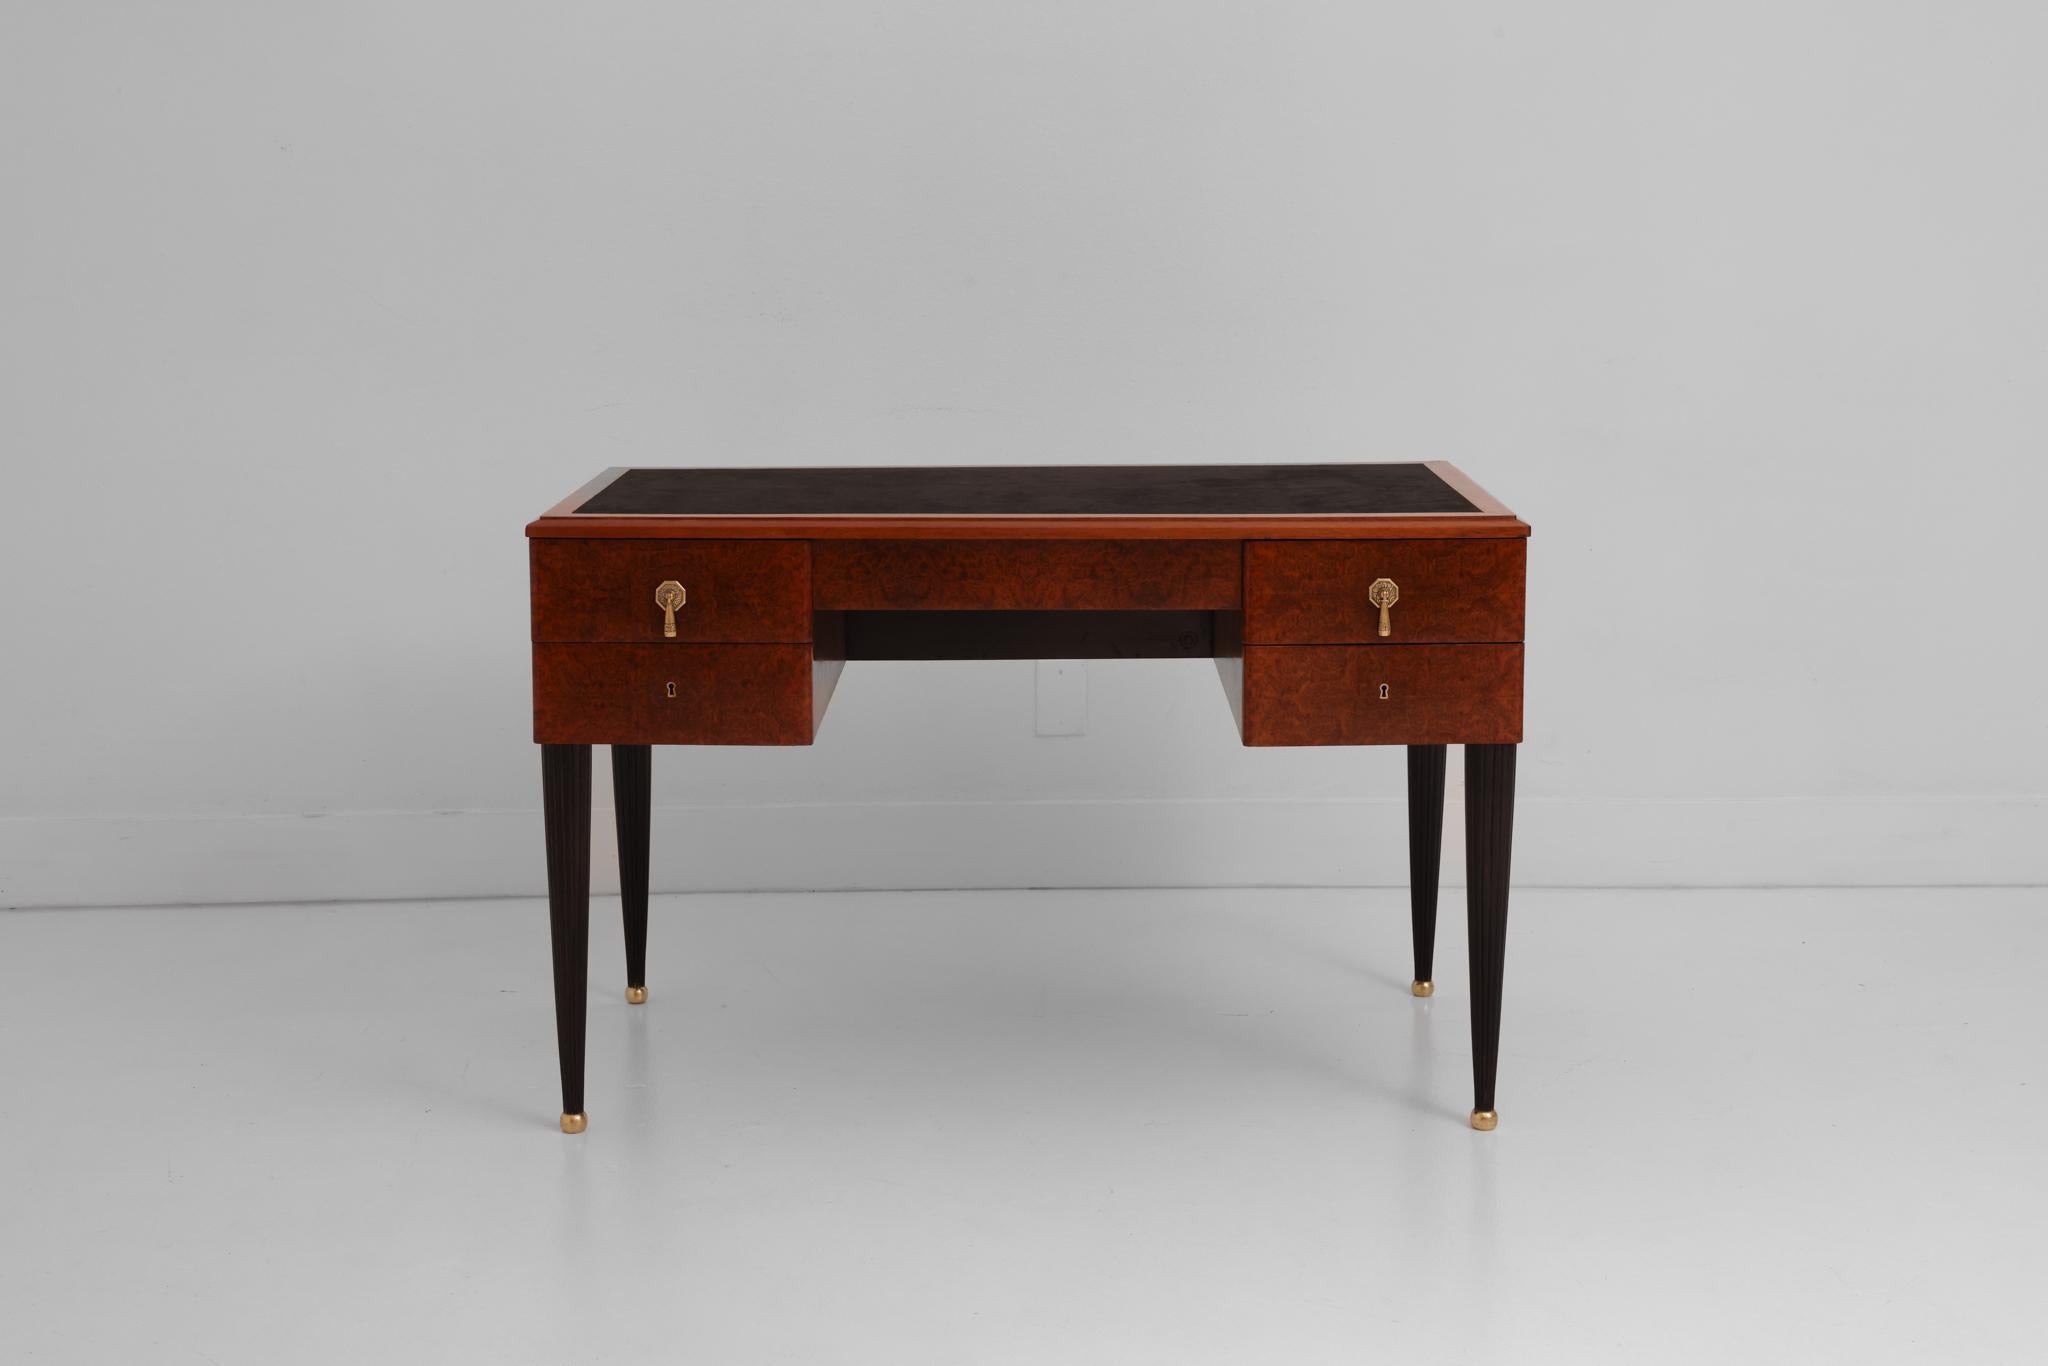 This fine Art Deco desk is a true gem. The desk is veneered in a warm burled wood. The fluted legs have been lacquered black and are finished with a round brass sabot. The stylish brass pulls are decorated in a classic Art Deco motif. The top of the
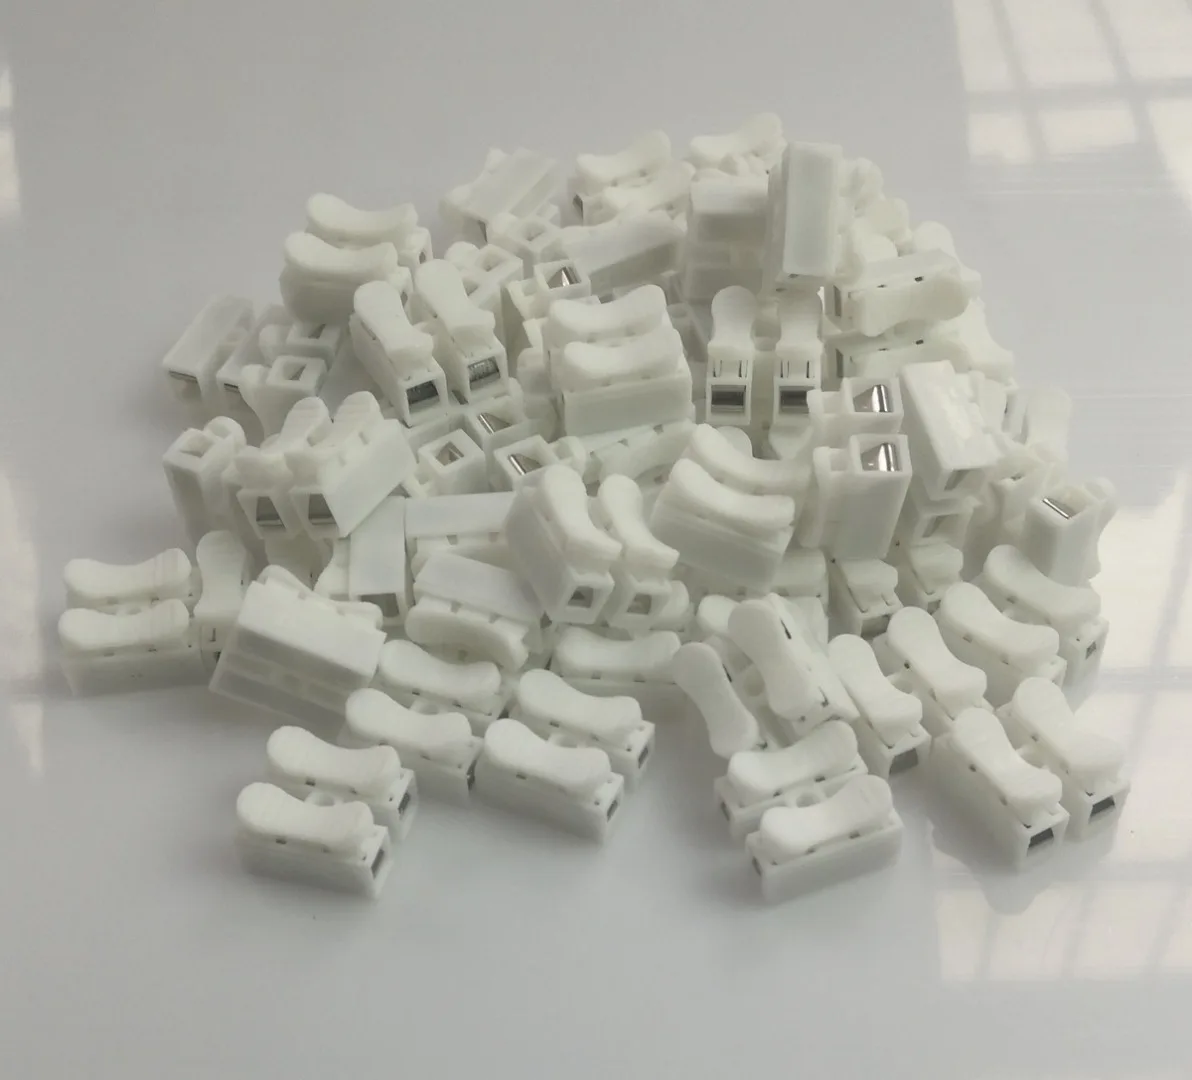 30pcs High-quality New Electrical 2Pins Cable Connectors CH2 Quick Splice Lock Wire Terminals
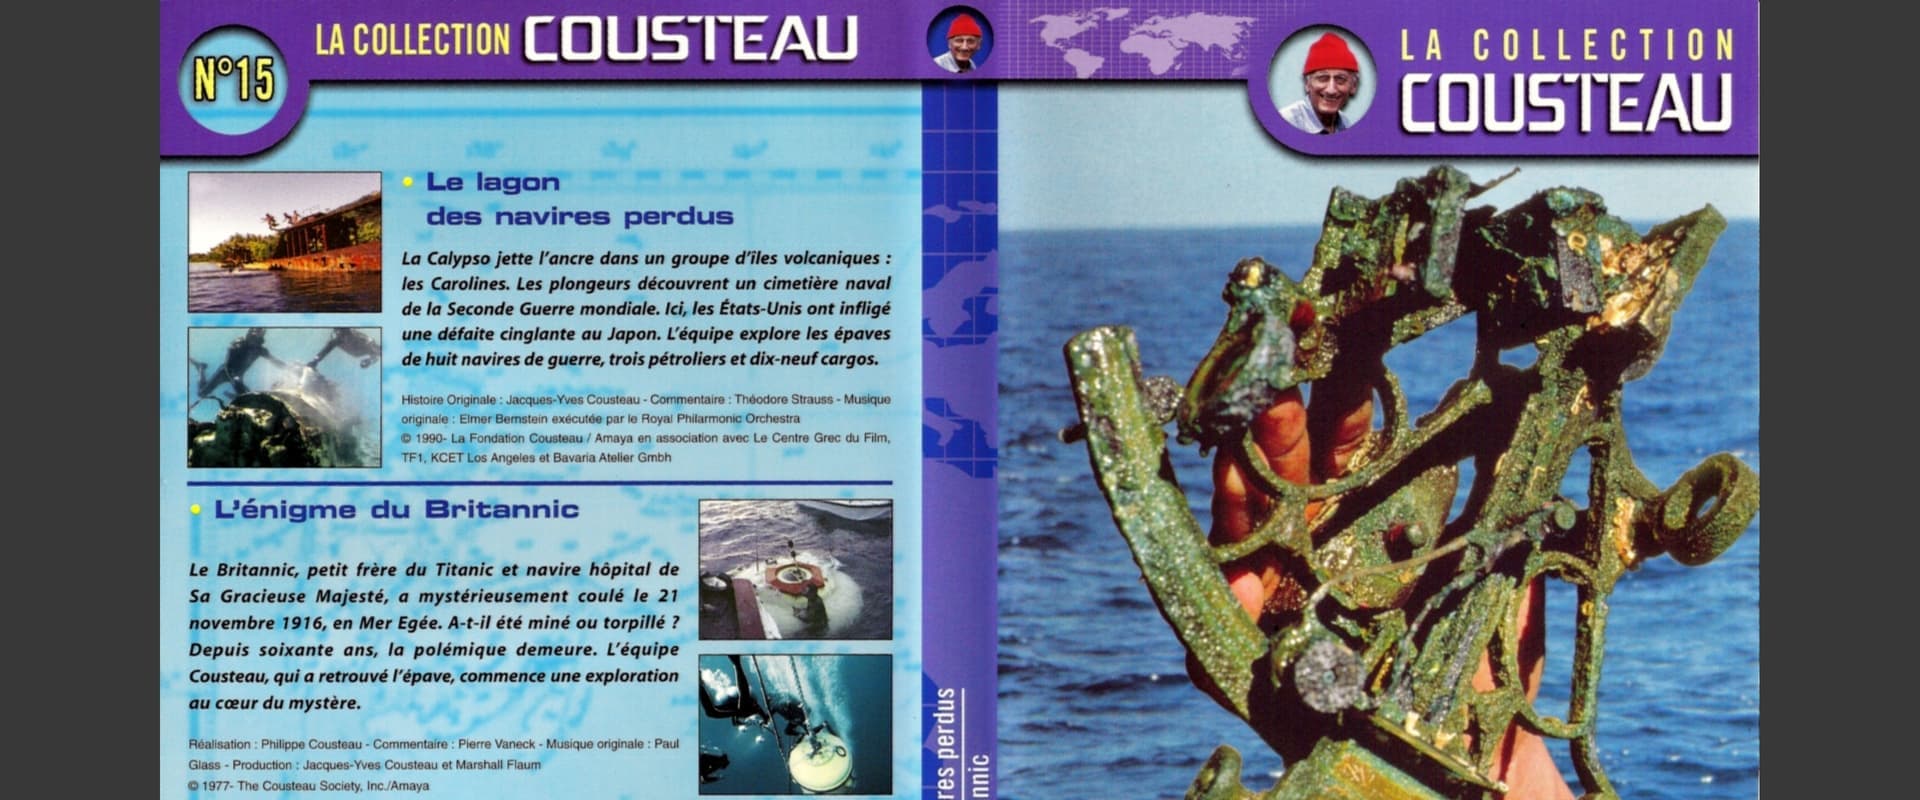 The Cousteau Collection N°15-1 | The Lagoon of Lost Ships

Exercise brief — Repeat the material above in full and exactly, apart from the pictures.

Solved problem —
 This fine Art Deco desk is a true gem. The desk is veneered in a warm burled wood. The fluted legs have been lacquered black and are finished with a round brass sabot. The stylish brass pulls are decorated in a classic Art Deco motif. The top of the
 30pcs High-quality New Electrical 2Pins Cable Connectors CH2 Quick Splice Lock Wire Terminals
 The Cousteau Collection N°15-1 | The Lagoon of Lost Ships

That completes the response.